Fighting in the Shade

I’ve been in this process for the last several years of figuring out Church. When I read the New Testament I see that we have traveled far and wide from the original Way. That doesn’t mean it is bad or wrong, but it is something I’ve been thinking about and pondering heavily for years. Even before all the things went sour. When the hurt and dysfunction, pain and grief and sorrow, loss and betrayals seeped in, church became an even deeper issue for me. For too many years I held on to “my church”. Determined to not the let the enemy “win” . One day I was speaking with my, oh so wise, son and he reminded me that the enemy wants to steal my worship and as long as I was still choosing to worship the Lord it didn’t really matter which church I attended. I didn’t need to subject myself to the turmoil and angst I was experiencing attending that particular church. {I dearly love this church and the people who call it home and they bear no burden for this place I find myself}

I finally decided to let go of what I could longer hold onto. Not to let go of corporate worship, the gathering of the saints, but to find a new place to gather. I love when friends or acquaintances talk about their churches, the love and acceptance and joy they experience within their church. Most of the time I decline offers to attend with them. On Sundays I’m tired, worn out from the week and I just want to find a place to meet with Jesus. Somewhere that nobody knows my name { pretty much the opposite of Cheers and the Church of the New Testament } I’ve been to several different churches in the River Valley and I have had positive experiences each time. I have to pray and battle hard to cast out and off the spirits of criticism and skepticism and being defensive before I walk in and usually, frequently throughout service. Just getting to and being in corporate worship is hard. I’ve seen all the sides of church in the Bible Belt and y’all is can just be ugly. Ugly. Ugly. Mean and ugly. And sometimes, most times, it just takes too much.

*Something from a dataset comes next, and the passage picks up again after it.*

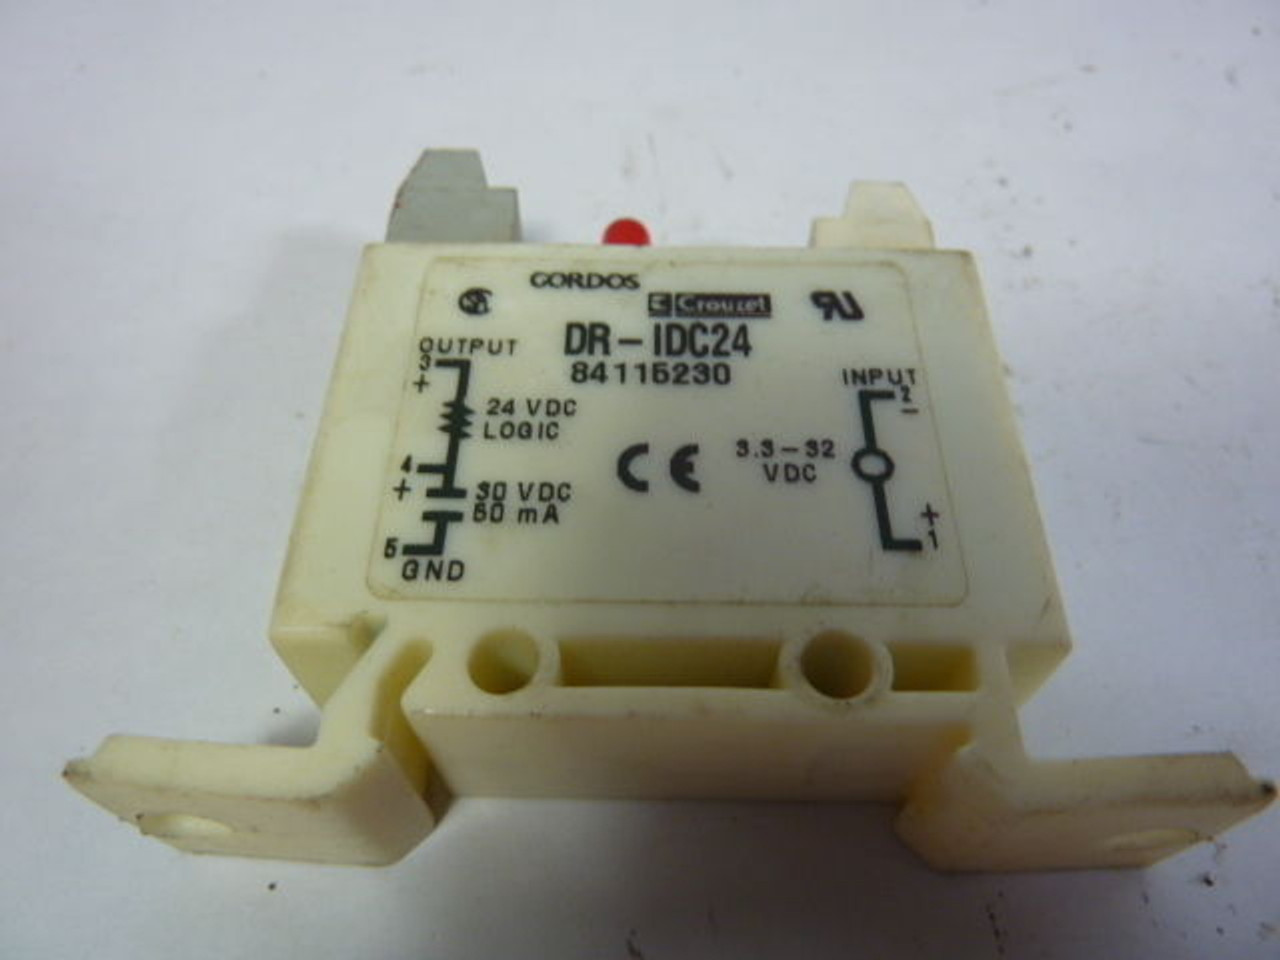 Gordos / Crouzet DR-IDC24 Input Module Relay USED

This Sunday I knew I wanted to attend corporate worship. I had several places I wanted to try and just asked Nicole to pick one for me. { I’ve joked about getting a dart board to help me decide} As I drove myself to a new church, that ironically, I had just the day earlier suggested someone else try, but said I had no intention of attending, I asked the Lord, “Why Church? What’s the purpose? I worship and serve you daily, why do I need to go to church”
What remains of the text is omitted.